The Chevalier d’Eon, unquestionably falls outside the heteronormative gender binary. Mary Frith’s combination of crossdressing, drinking in taverns, and smoking seem to point to Mary also landing squarely outside the gender norms of their day. Though Julie d’Aubigny’s frequency of performing en travesti is low, her thrilling personal life, both romantic and platonic, was full of performative acts that leave little doubt as to their queerness. Madame Vestris seems to have used crossdressing as a vehicle to fame but that is where the queerness ends. However, her entrance into and ultimate success in a male dominated theater scene was an important break from hegemonic gender constructs. Although Eugene d’Ameli’s career in blackface calls into question compassion and decency, it is a fact that he was one of the best minstrel performers of his generation. As a female impersonator and possible dandy, he lived both his professional and personal lives in the queer realm.
I partially agree with Butler’s simplified assertion but in my own experience as a queer person/artist/musician, I recognize that there are feelings and intuitions, admittedly based on preconceived social constructs, that inspire the performativity referenced by Butler: that gender is not just a doing but also a being. However, there is a value in the simplified version as it provides an objective framework by which we can offer alternative readings to individuals that were undeniably fantastic in their being, fantastic as in outside of the ordinary, whose observable performative acts were undoubtedly not in line with their contemporary binary construct.

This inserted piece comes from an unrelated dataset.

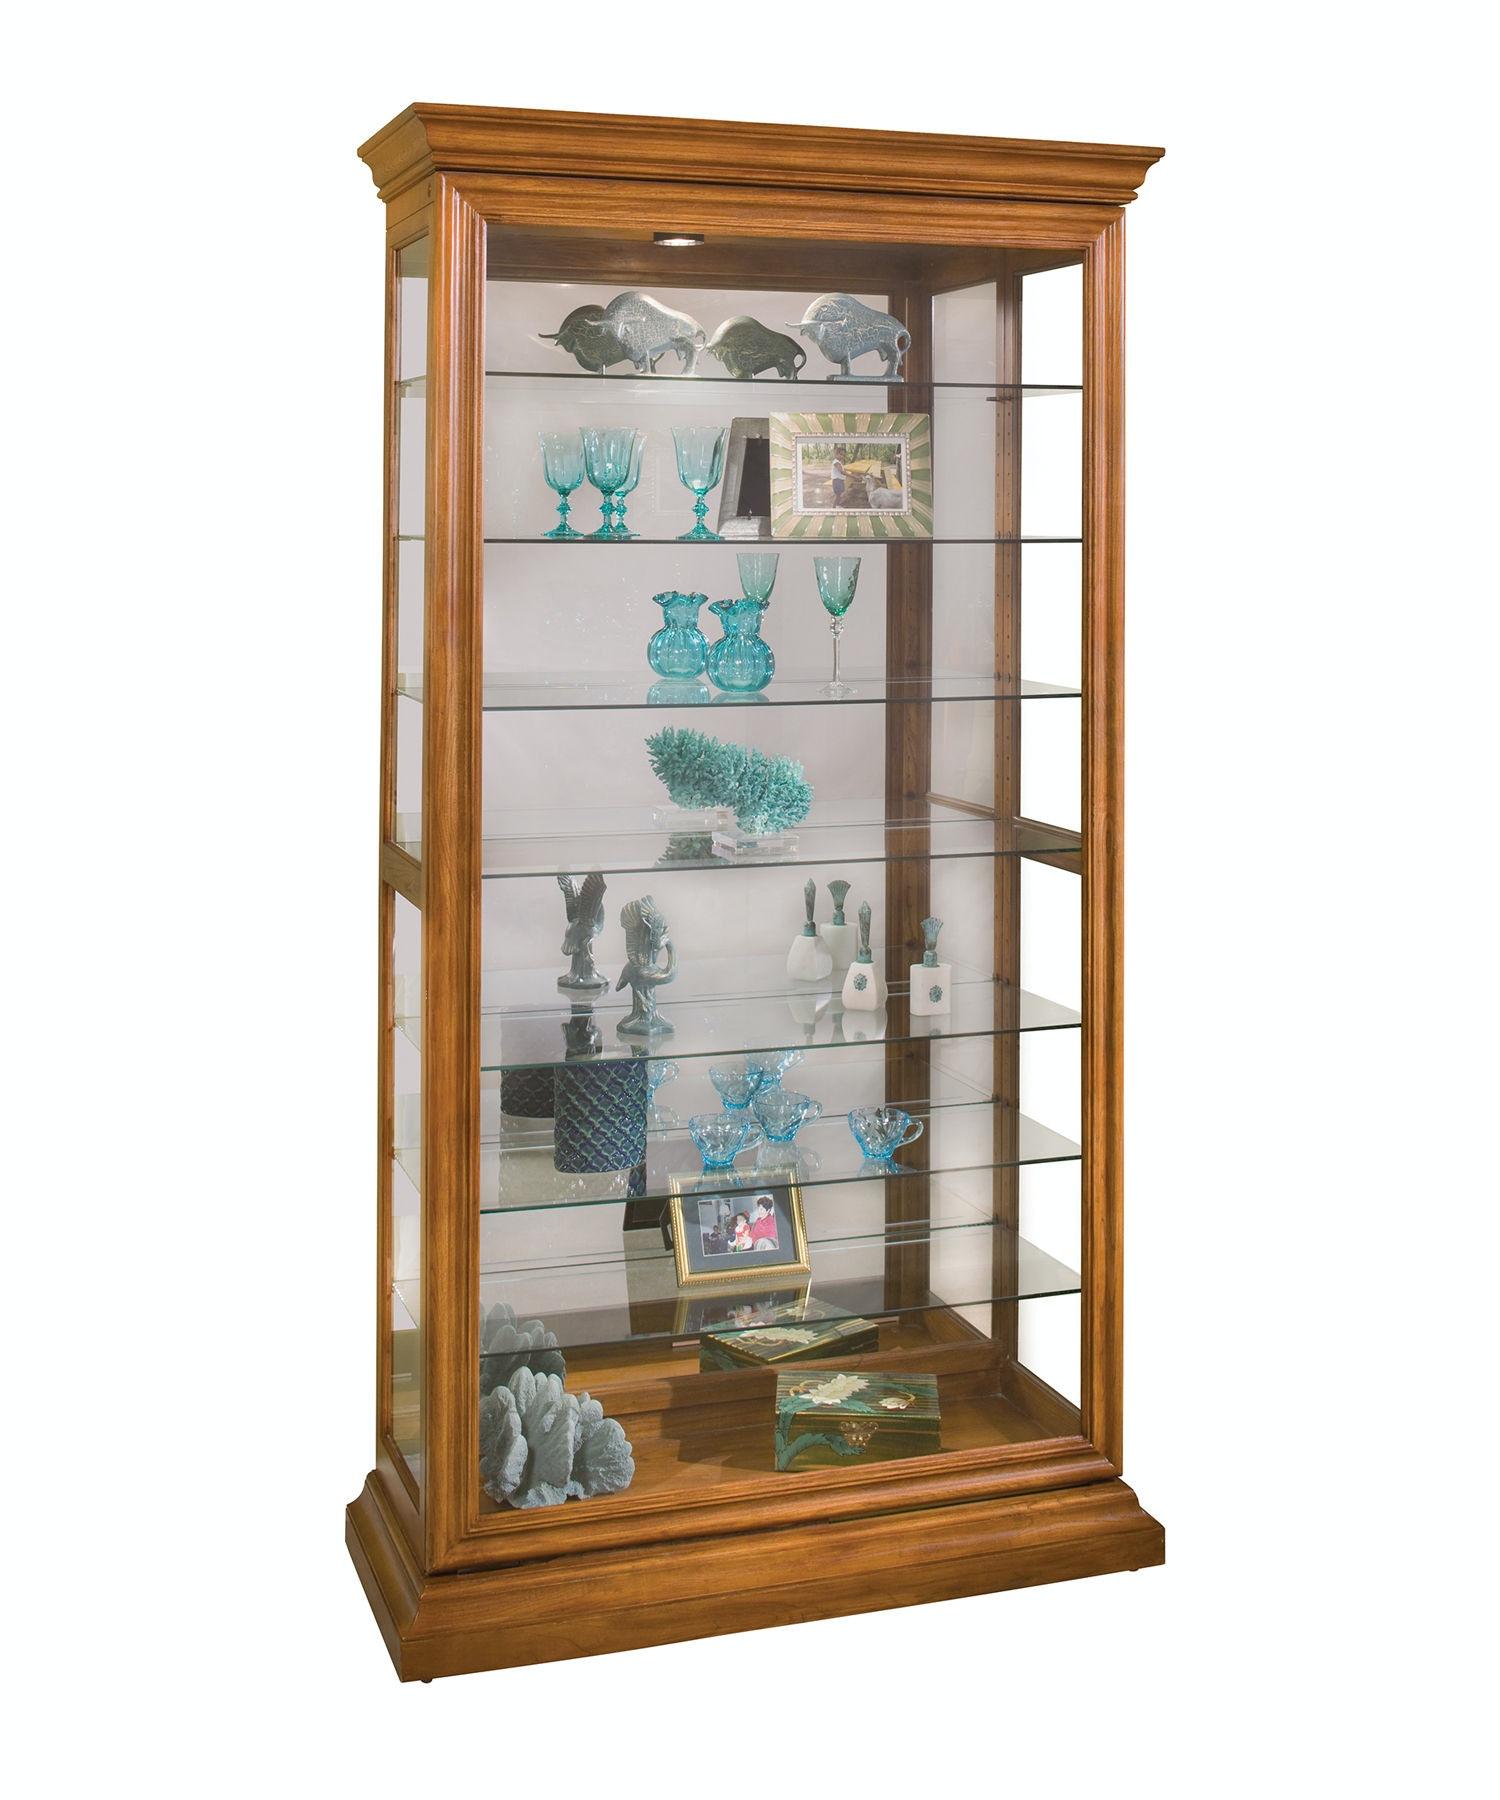 Philip Reinisch Collectors Curio Cabinet 58251  sc 1 st  Wendellu0027s Furniture & Philip Reinisch Collectors Curio Cabinet - Wendellu0027s Furniture ...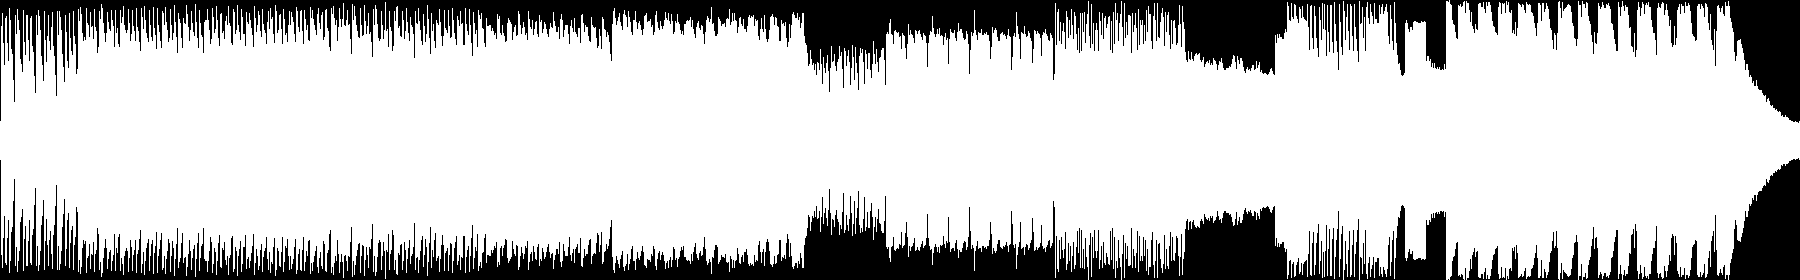 Kappadokia by Basement Freaks audio waveform

Even with the limitations encountered with traditional resources, as the research continued it became even clearer that queerness has existed at all times and in many different areas of the music performance universe. Fortunately, in the last thirty years with the addition of gender and queer studies in higher education institutions, printed and web-based literature over gender nonconformity has become more readily available making further study possible.